Pahad's influence in the government expanded further under Mbeki, who was an old friend of the Pahad brothers from their shared time in exile in England. His was a prominent role in South Africa's attempt to stop the US-led attack on Iraq in 2003. He represented South Africa at the International Court of Justice in 2004, when South Africa argued strongly against the erection of the Israeli West Bank barrier. He told the court:

The Palestinian separation wall is not a security wall. It is a wall of occupation, a wall that has separated hundreds of thousands of Palestinians from their families, their homes, lands and religious sites.

In Africa, Pahad played an active role in bringing peace to the warring factions of the Democratic Republic of Congo, Burundi and Angola. He visited Saudi Arabia in March 2006 to promote bilateral political and economic relations between the two countries.

=== Resignation ===
At the ANC's 52nd National Conference in December 2007, Mbeki was defeated in his bid for a third term as ANC president, and Pahad failed to win enough votes to win re-election to the party's National Executive Committee. On 20 September 2008, following a year of political turmoil and a controversial judgement by Judge Chris Nicholson in the corruption trial of Jacob Zuma, Mbeki announced that the ANC had asked him to resign as national President. In the aftermath, Pahad was one of several ministers and deputy ministers who tendered their own resignation on 23 September.

After Kgalema Motlanthe took office as President, it was announced that Pahad would be reappointed Deputy Minister of Foreign Affairs in Motlanthe's cabinet. However, Pahad said that this was an error caused by "unfortunate communications problems" and that he had declined Motlanthe's offer. Calling his a "very difficult and emotional" decision, he said:

I have come to this decision after concluding that Judge Nicholson's judicial activism has led him to conclude that then-president Mbeki and his entire Cabinet interfered politically in the work of the National Prosecuting Authority... [implying] that we have collectively violated the Constitution and acted illegally and criminally and [are] therefore liable for prosecution.

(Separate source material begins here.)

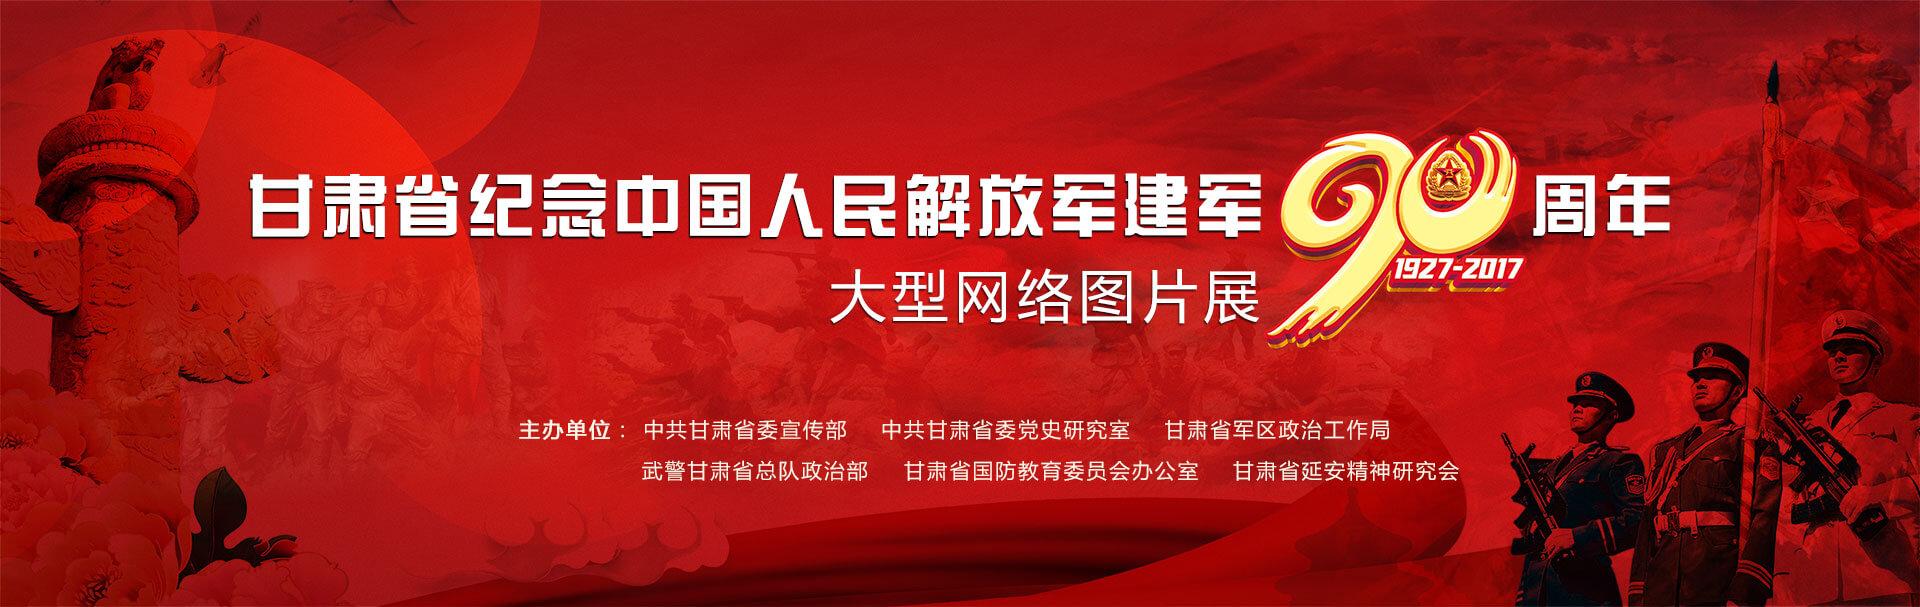 甘肃纪念中国人民解放军建军90周年大型网络图片展

Given this reality, my principles, convictions and conscience will not enable me to serve in the executive.

Pahad also resigned from Parliament; his seat was filled by Doris Sikosana.

== Retirement ==
Pahad published a memoir, titled Insurgent Diplomat, in 2014. He also remained active in South African foreign policy: President Jacob Zuma appointed him as his envoy to Israel and Palestine in July 2014, and under the government of President Cyril Ramaphosa, Pahad chaired a foreign policy review commission that recommended a more active leadership role for South Africa in global affairs.

== Personal life and death ==
Pahad married Sandra Black-Pahad in 1994 in Johannesburg; they had children. She filed for divorce in 2006.

Pahad died on 27 September 2023, just two months after his brothers Junaid and Essop. He was 82 years old and he was buried the following day at Westpark Cemetery.